With the limited active processor count and reusing loaders, no OutOfMemory exceptions occur and processing completes much faster. @boazmohar noted that with his original setup, it took 3.5 hours using a Spark cluster with 2011 cores. My run with the parameters above took 7 minutes using 2200 cores (on 200 11-core worker nodes). Boaz's original run might have had other configuration issues, so this isn't necessarily apples-to-apples. Nevertheless, my guess is that his performance was adversely affected by the fetcher thread problem.

Finally, @StephanPreibisch may want to revisit the getTransformedBoundingBox code and any other loading/reading to see if there are other options for reducing/reusing loaded data within the parallelized RDD loops. Broadcast variables might be suitable/helpful for this use case - but I'm not sure.
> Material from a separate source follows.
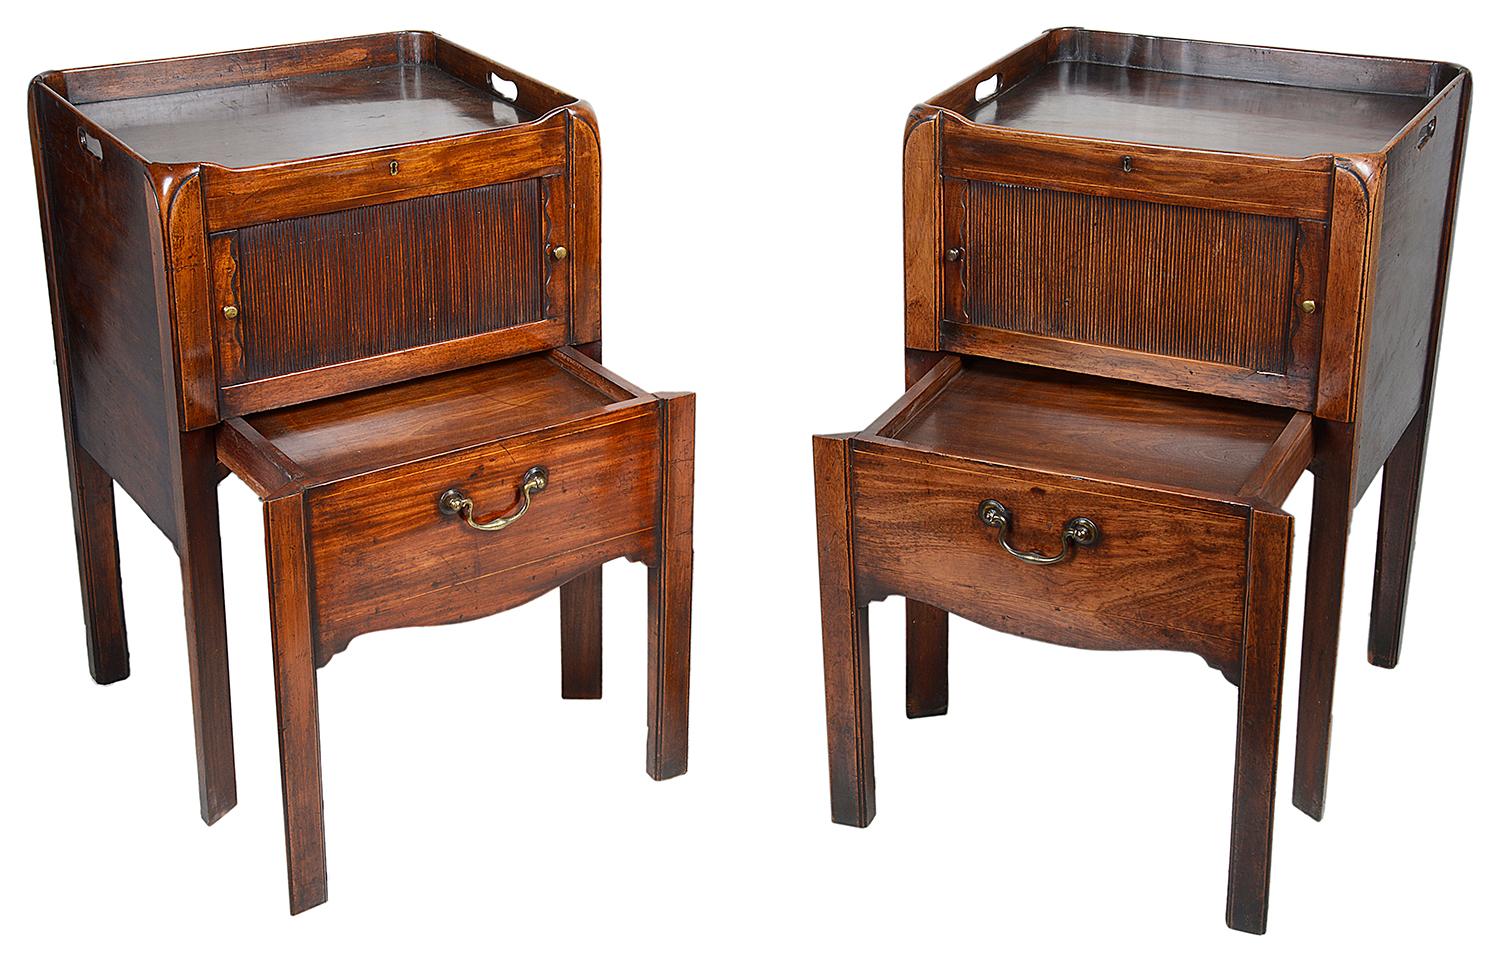 A good quality pair of Georgian period mahogany bedside commodes, each with tray tops, sliding tambour fronted compartments, sliding shelf sections on two legs with swan neck handles.

StephanPreibisch commented 2 years ago

Thanks so much Eric! We should clearly differentiate between fetching metadata (as I do in getTransformedBoundingBox) and actually reading the data, and you're right, we should be able to set the number of threads within the API. We should have a meeting with @tpietzsch to incorporate the necessary changes next year!

Happy new year :)

boazmohar commented 2 years ago

@StephanPreibisch So I confirmed that the error is solved with SUBMIT_ARGS="--conf spark.executor.extraJavaOptions=-XX:ActiveProcessorCount=1". I ran 2 volumes, and didn't see any error (yay!). But the speed up is not orders of magnitude. The difference was that @trautmane was using just the affine, so without the non-rigid. It is still faster, it now took ~2h, so definitely helps! What could be helpful for performance is maybe playing with the block size. For my volume at 128^3 I get ~130,000 blocks which also my downstream processing is having a hard time with.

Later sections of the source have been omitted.